N.C. loses esteemed rural health care leader
Note: A memorial service will be held at 2 p.m. on July 17 in the
Alumni Center at the Carolina Club at the University of North Carolina
at Chapel Hill.
Reprinted by permission of The News & Observer
of Raleigh, North Carolina
By Amy Gardner, N&O
Staff Writer
Jim Bernstein, a former assistant secretary with the N.C. Department
of Health and Human Services and a national leader in the improvement
of rural health care, died Sunday of bladder cancer. He was 62.

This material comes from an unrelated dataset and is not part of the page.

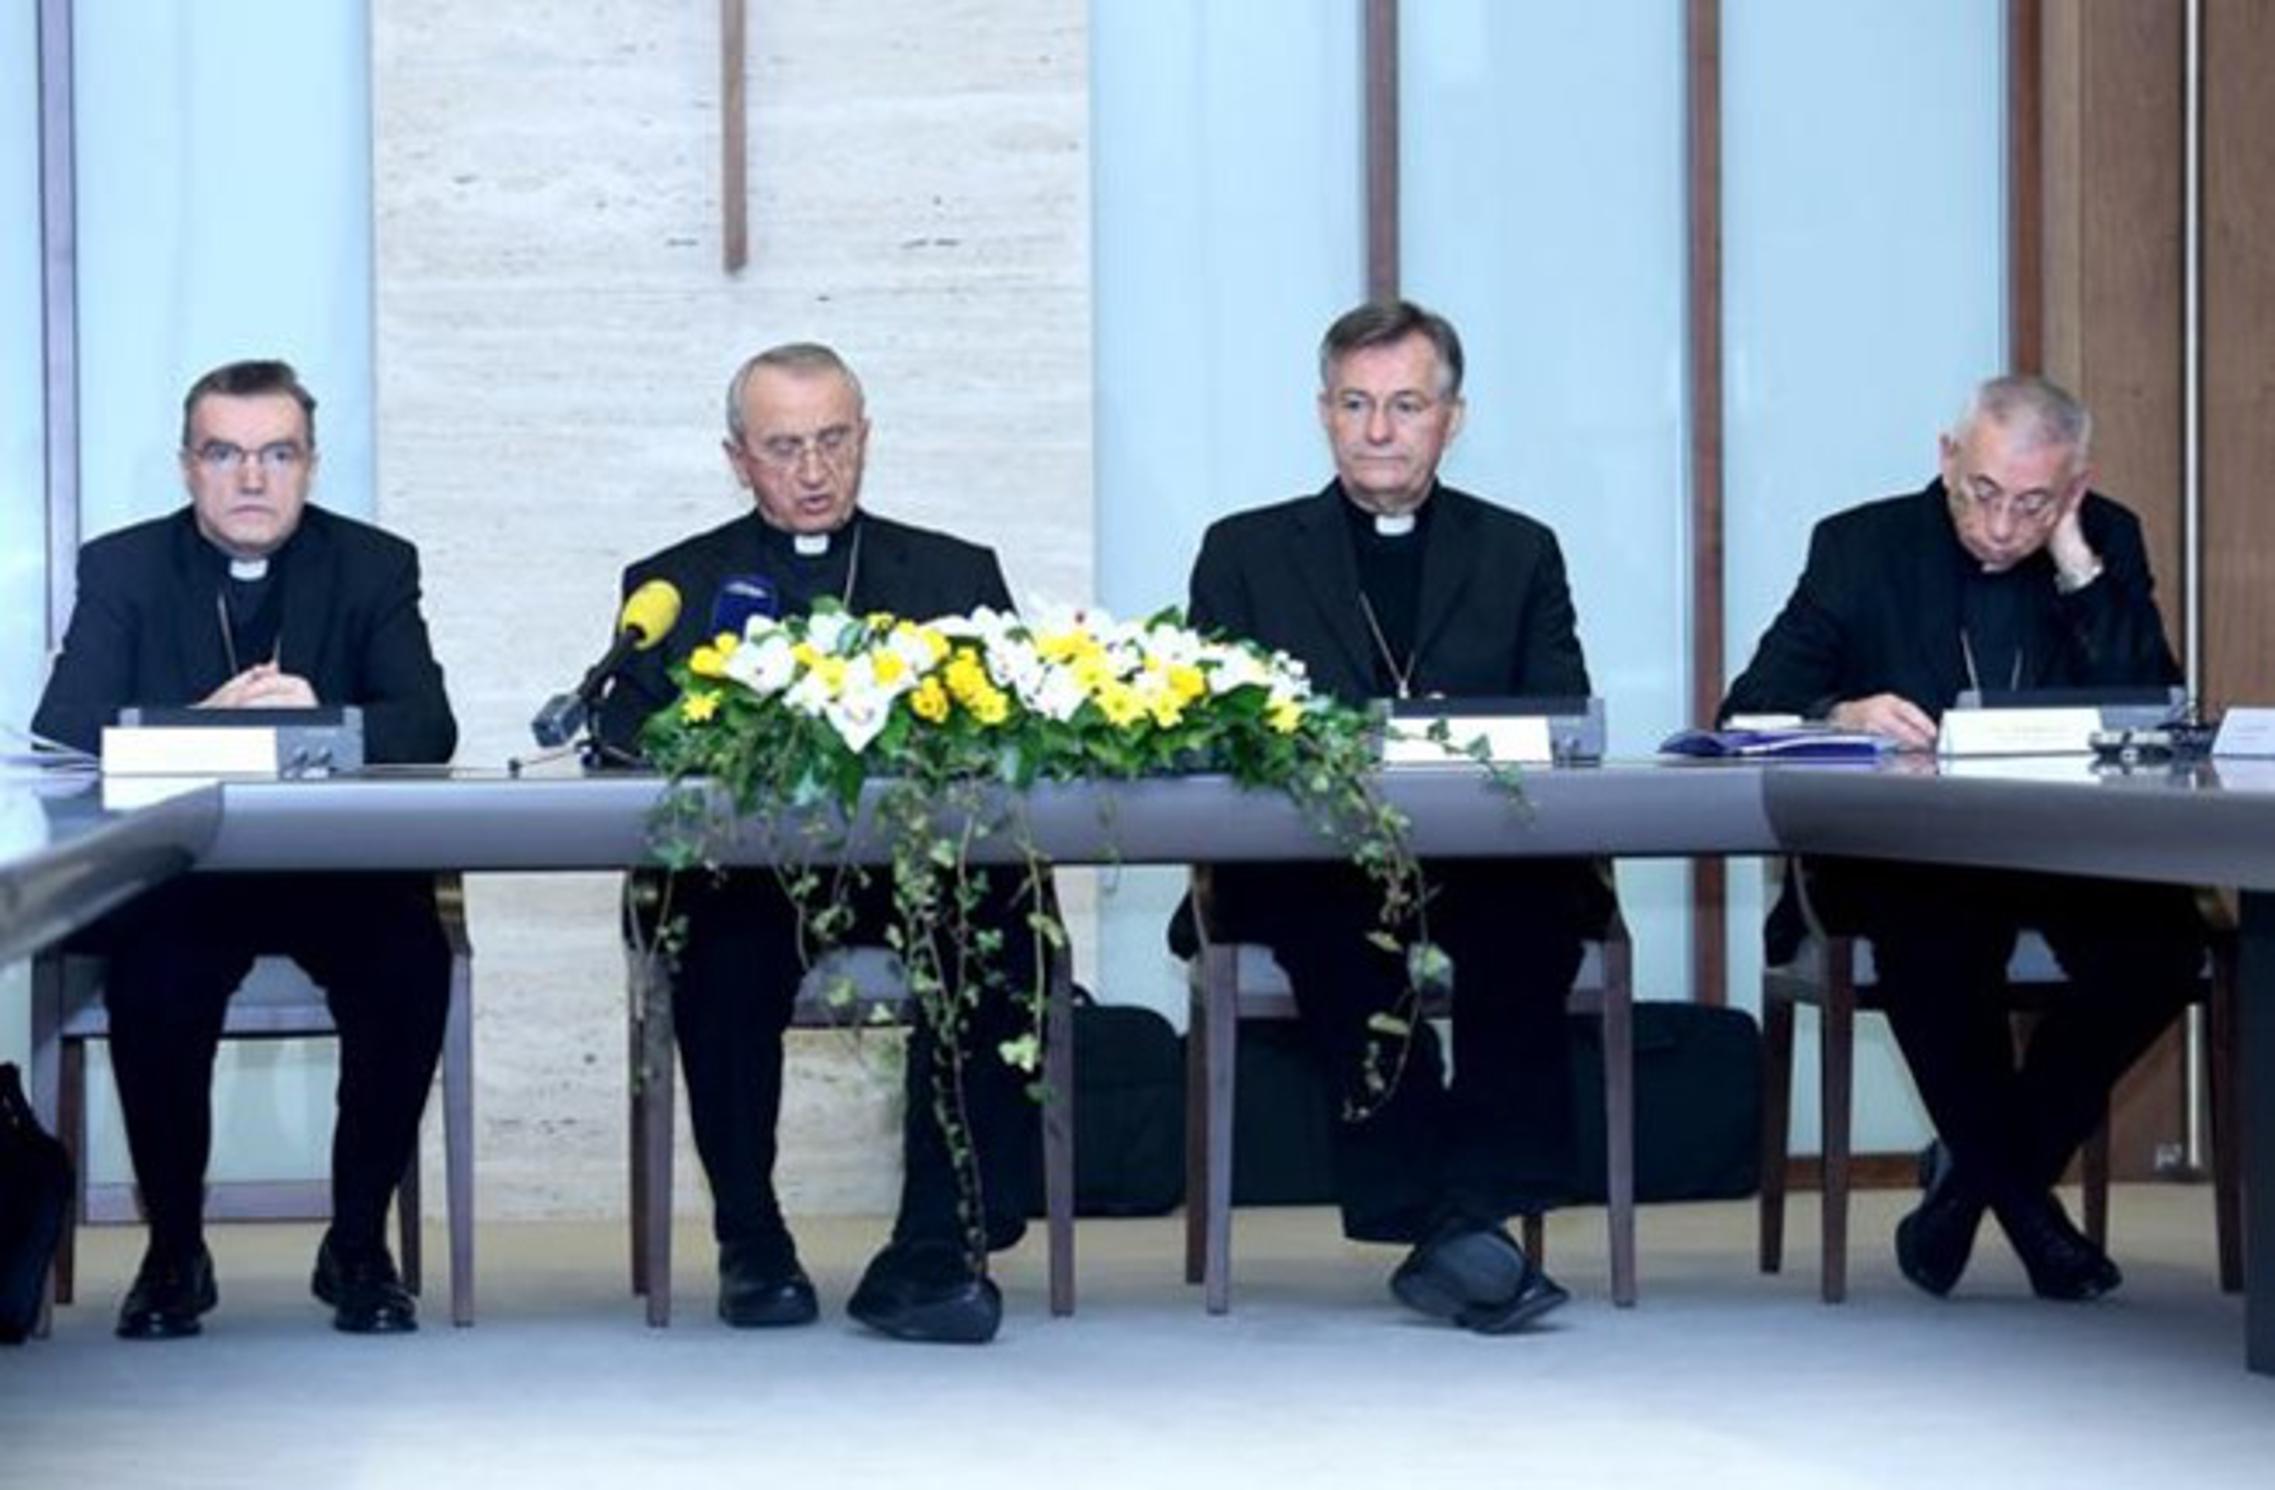 Biskupi su vjernicima poslali poruku uoči izbora
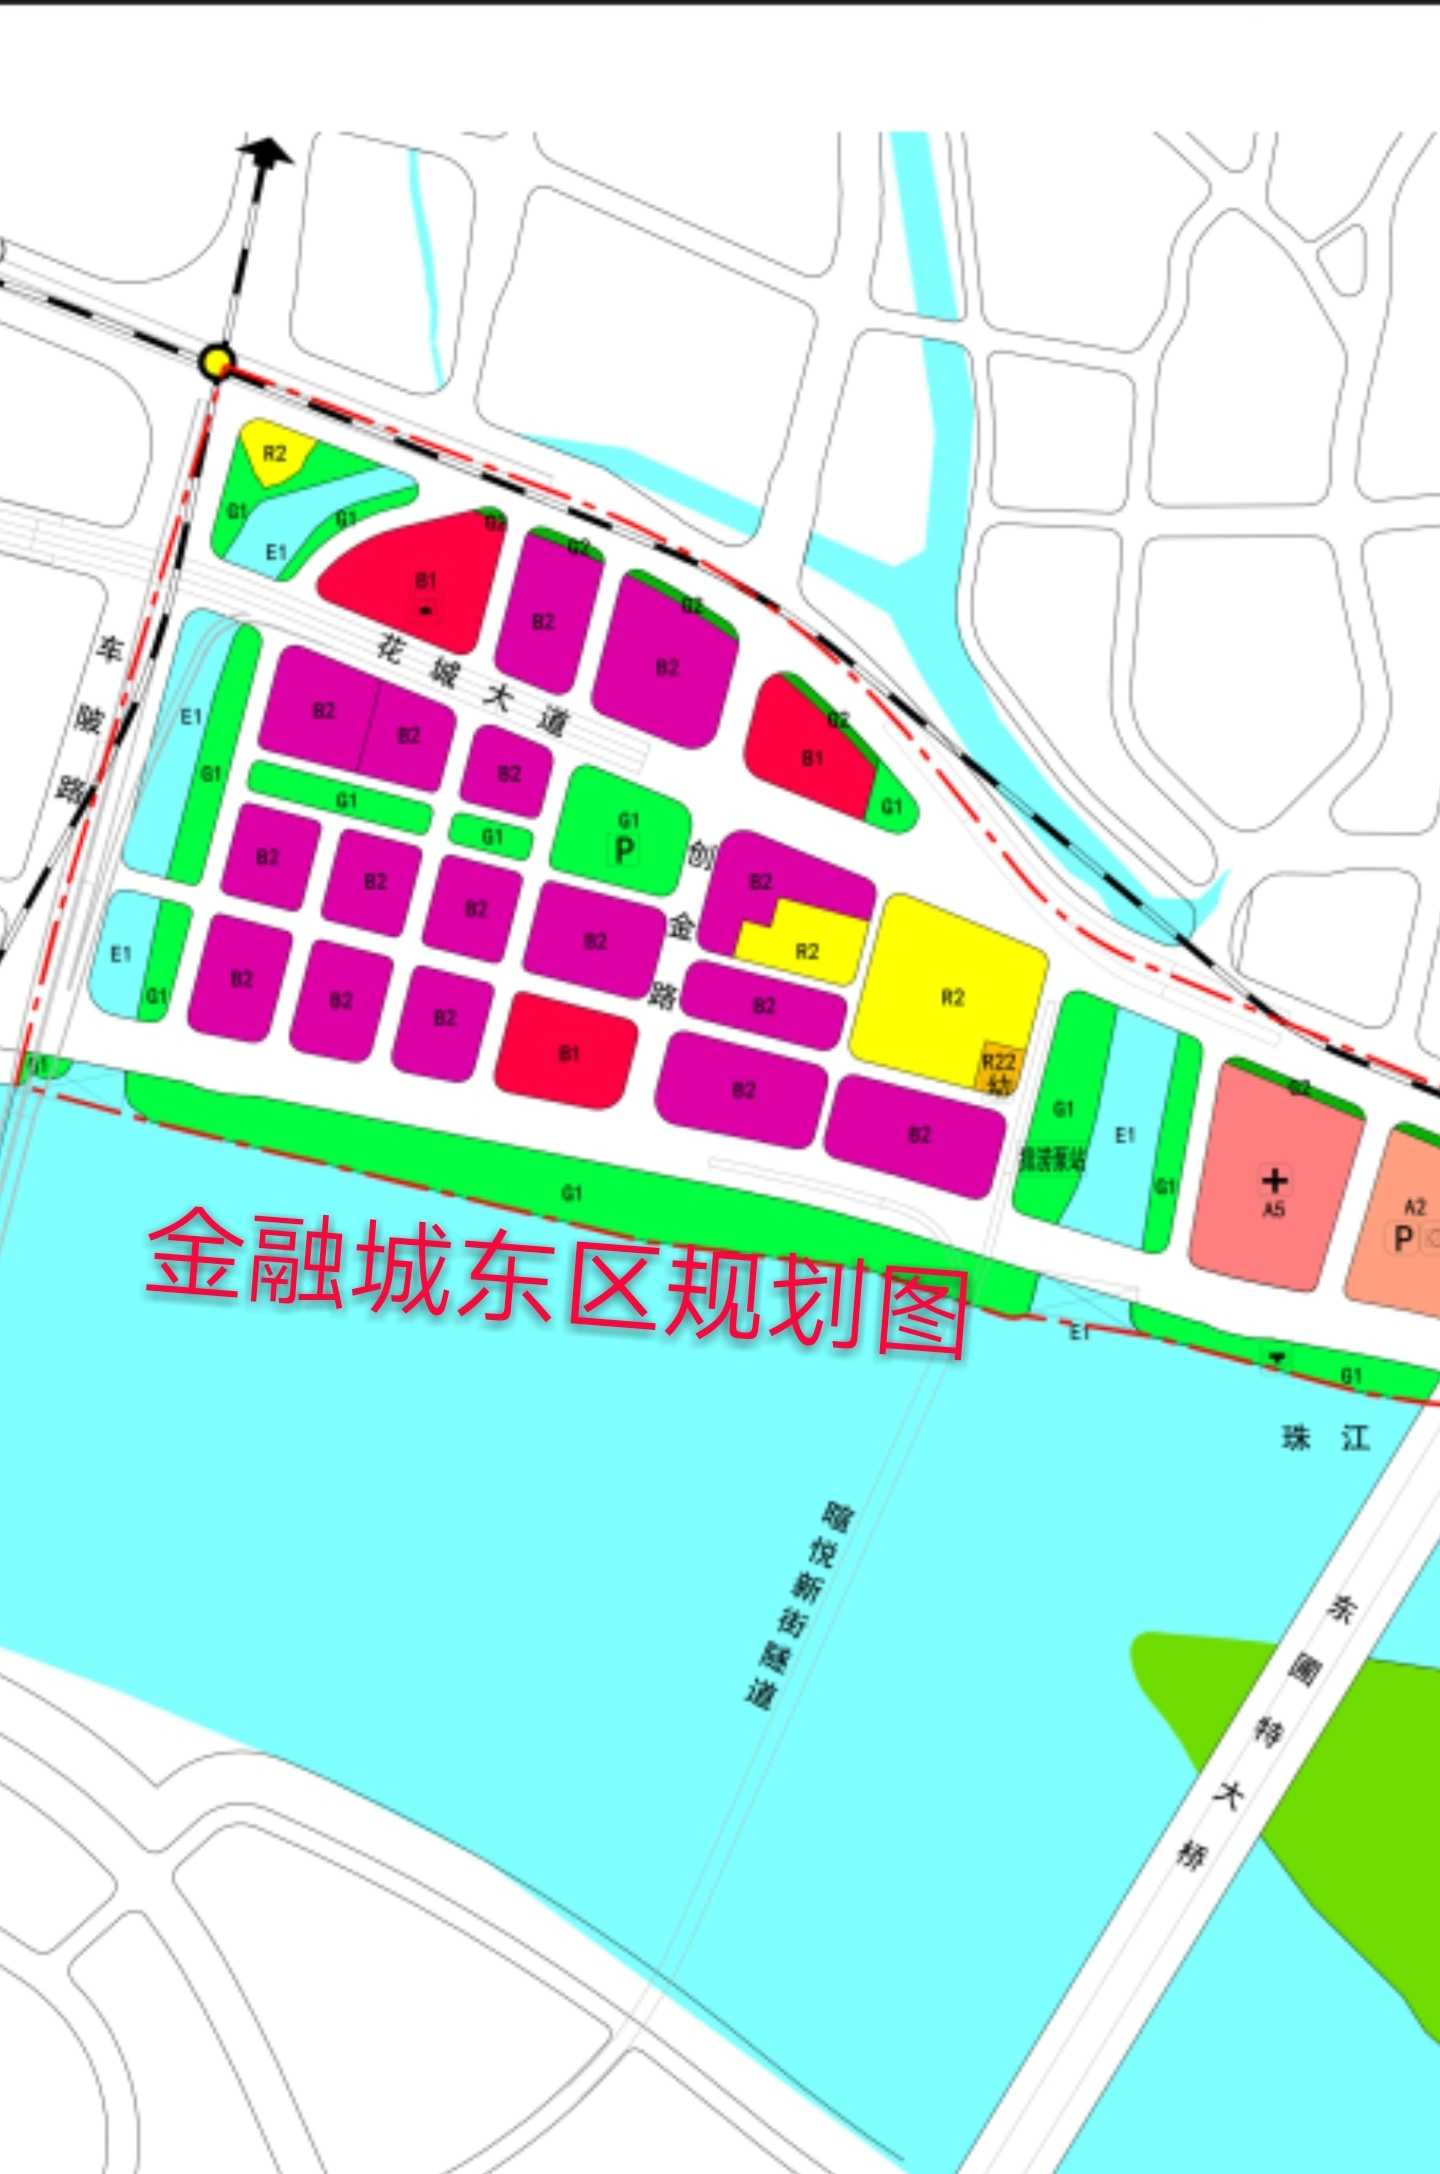 结合卫星图及金融城东区规划图看(如下)浪奇地块可兴建5～6栋大厦,该

Bernstein retired from state government Sept. 30 after working 31
years to improve health care in rural North Carolina. He launched
the nation's first state-level office of rural health, devoting himself
to attracting doctors, nurses and clinics to isolated communities
that needed them.
Today, the impact of Bernstein's work is plain: 83 clinics launched
with Bernstein's help continue to operate independently across the
state.
"
He was the father of rural health nationally. It's not just North
Carolina," said Tork Wade, who worked alongside Bernstein for
three decades and succeeded him as director of the N.C. Office of
Research, Demonstrations and Rural Health Development.
"
You cross the state, and there are very few communities where there's
not something there, a clinic or a project, that hasn't benefited
from all that he's done," Wade said.
One of Bernstein's biggest accomplishments was recruiting doctors
to rural parts. One of his biggest rewards was watching the health
of rural communities improve. In some communities with new clinics,
infant mortality rates fell by half.
Bernstein's goals evolved over the years. Today, the office he launched
continues to oversee the rural health centers program, but it also
runs a health program for farm workers; a prescription assistance
program for the poor; and a program that aims to improve health access
for the urban poor.
"
What was magic about Jim was that he could work with such a wide
breadth of people," said Nancy Lane, a health care management
consultant. "He encouraged people to tackle the impossible,
all the while making it look like lots of fun and an adventure."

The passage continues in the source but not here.